France–United Kingdom

The maritime boundary between France and the United Kingdom was established by virtue of five bilateral agreements and two Court rulings that spanned a time frame of more than 30 years, from 1977 to 2011.

An arbitral tribunal was tasked with deciding the portion of the continental shelf boundary that extends west of the 0° 30′ W meridian. The Tribunal established the boundary by utilizing a modified version of equidistance. Successive bilateral agreements then defined and refined the eastern portion of the boundary based primarily on the equidistance methodology.

The last boundary agreement, signed in 2011, allowed for the continental shelf portions of the boundary to apply also to the exclusive economic zone. It also converted all the boundary turning points from the European Datum 1950 into the World Geodetic System 1984.

The boundary is essentially comprised of three components. The first is a continental shelf boundary in the east that starts at the tripoint with Belgium and proceeds 26 nautical miles (M), whereupon it then enters the Strait of Dover.
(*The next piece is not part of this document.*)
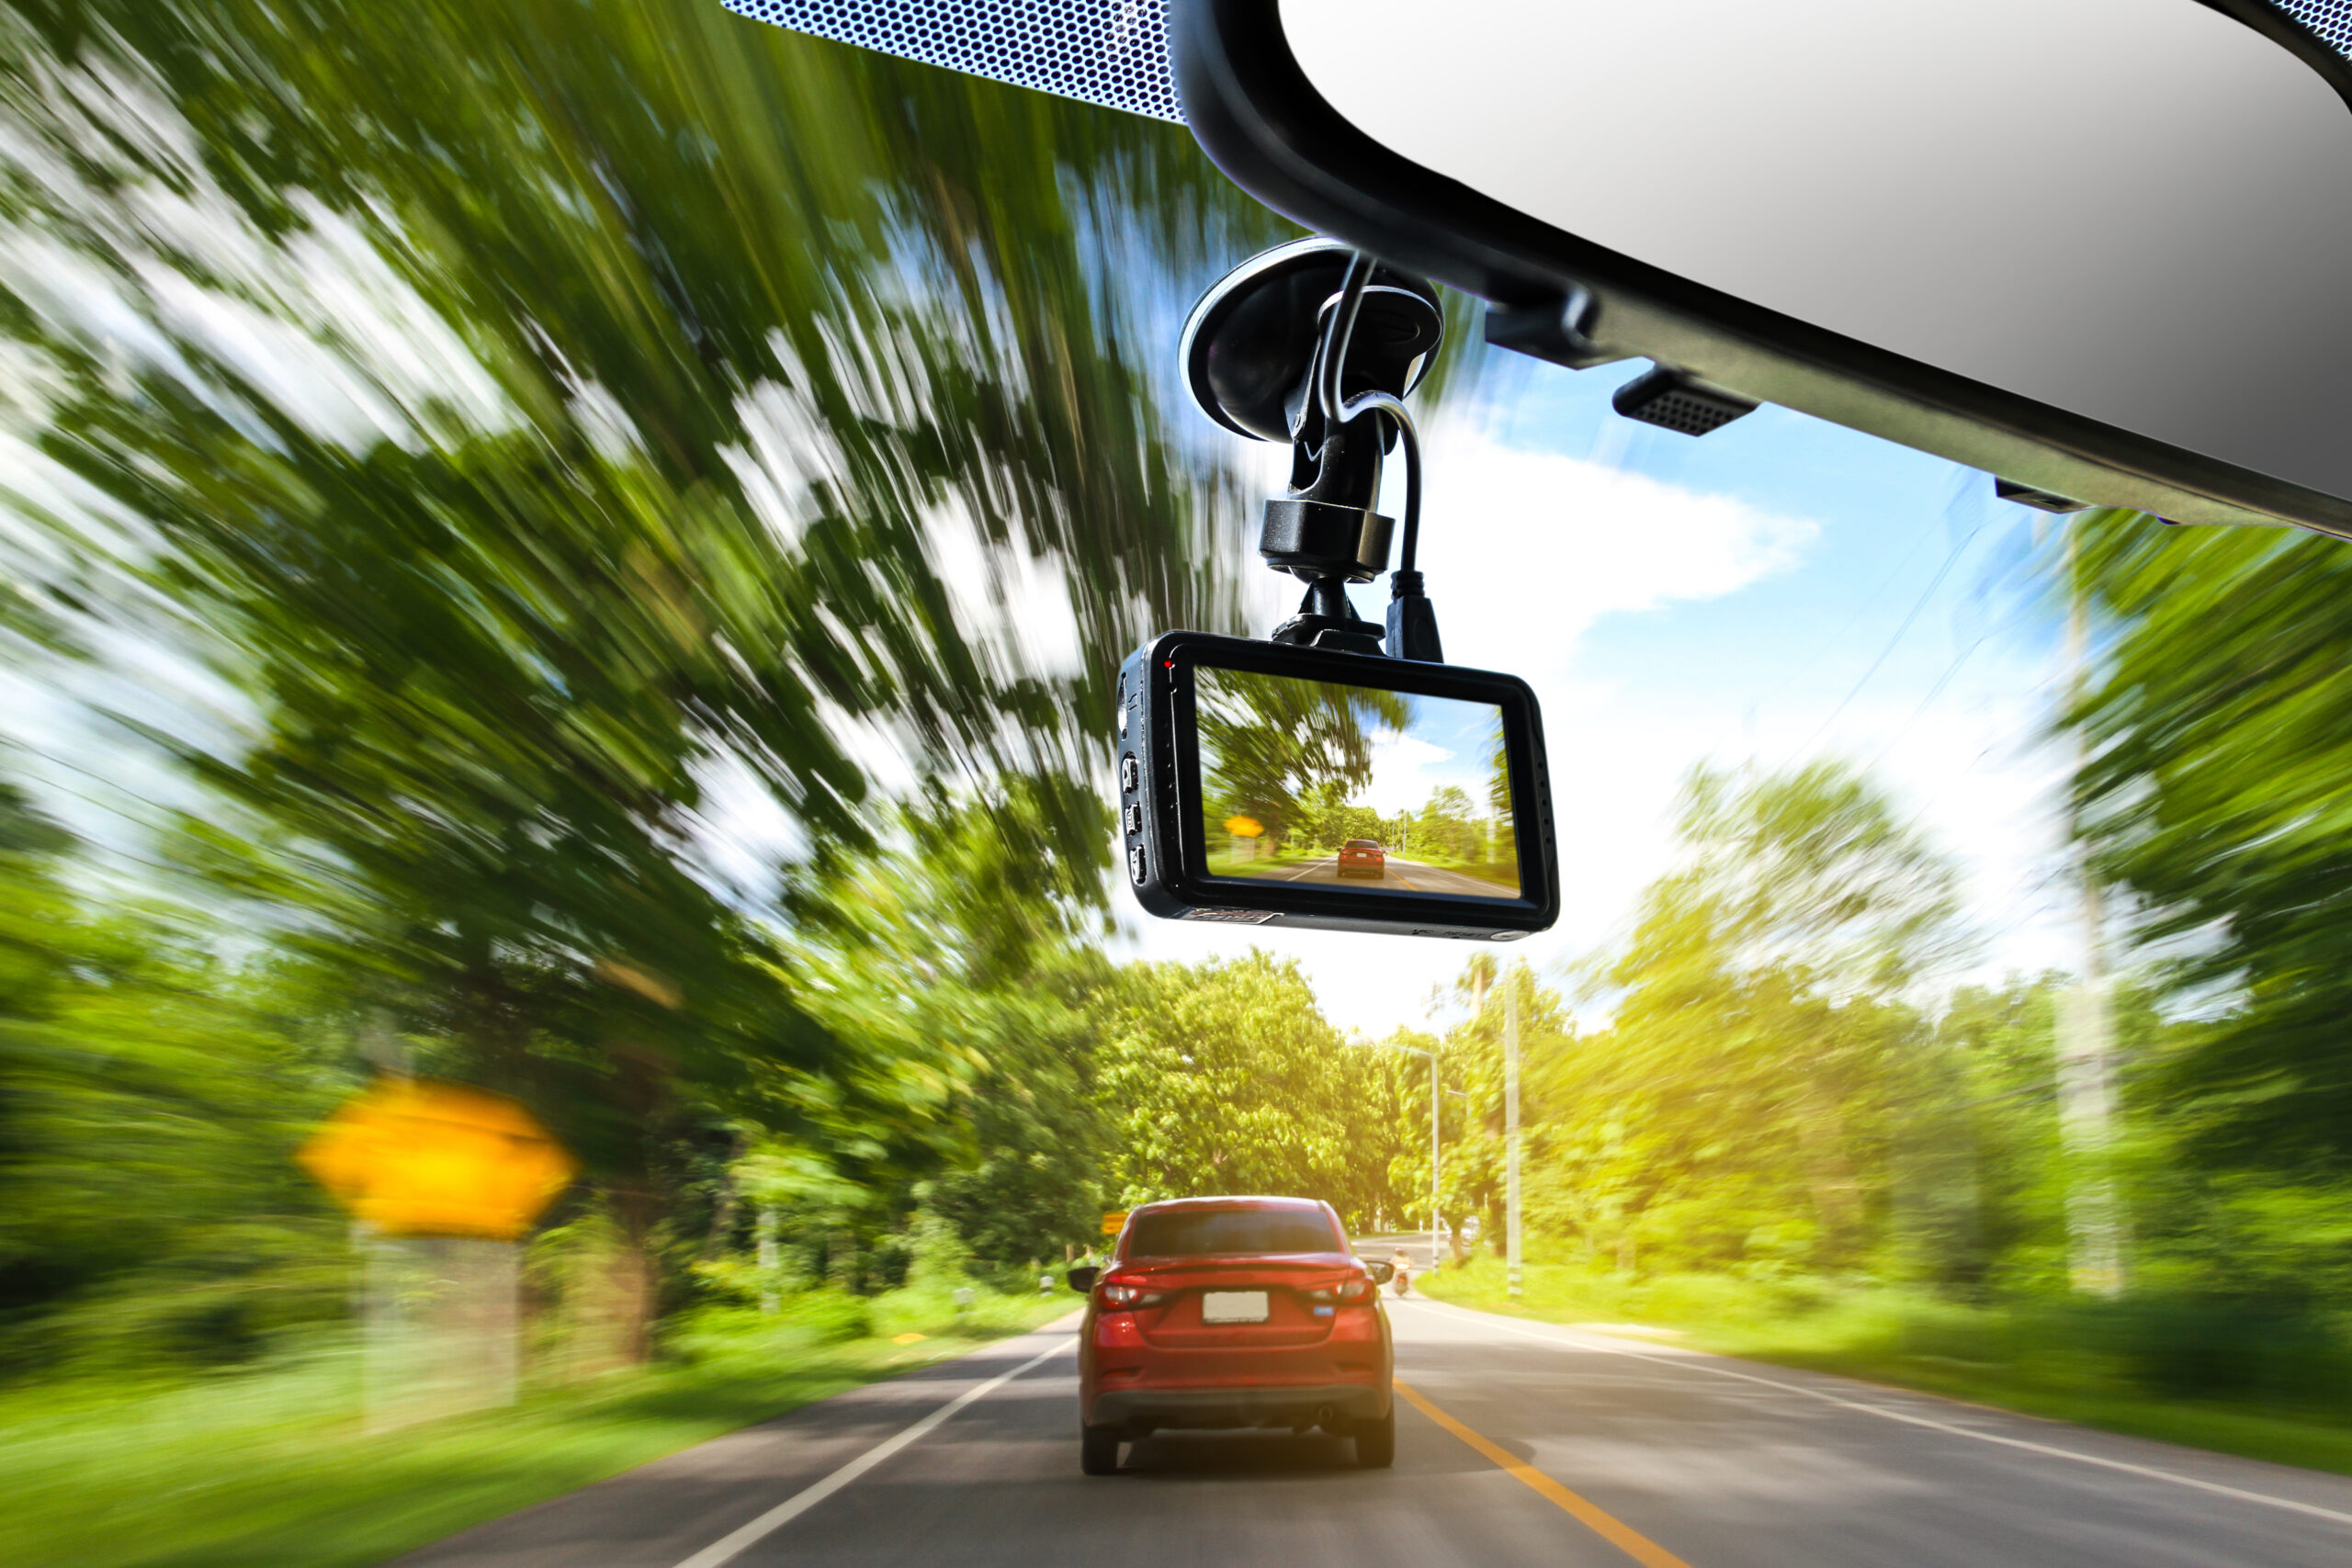 Cctv,Car,Camera,For,Safety,On,The,Road,Accident

Through the strait, the boundary divides the Parties’ territorial seas for a total distance of 34 M. The final boundary segment in the west is a continental shelf/exclusive economic zone boundary that extends for 472 M. In total, the boundary spans 532 M.

Map showing the maritime boundary between France and the UK

France and the United Kingdom also share maritime boundaries with Guernsey and Jersey.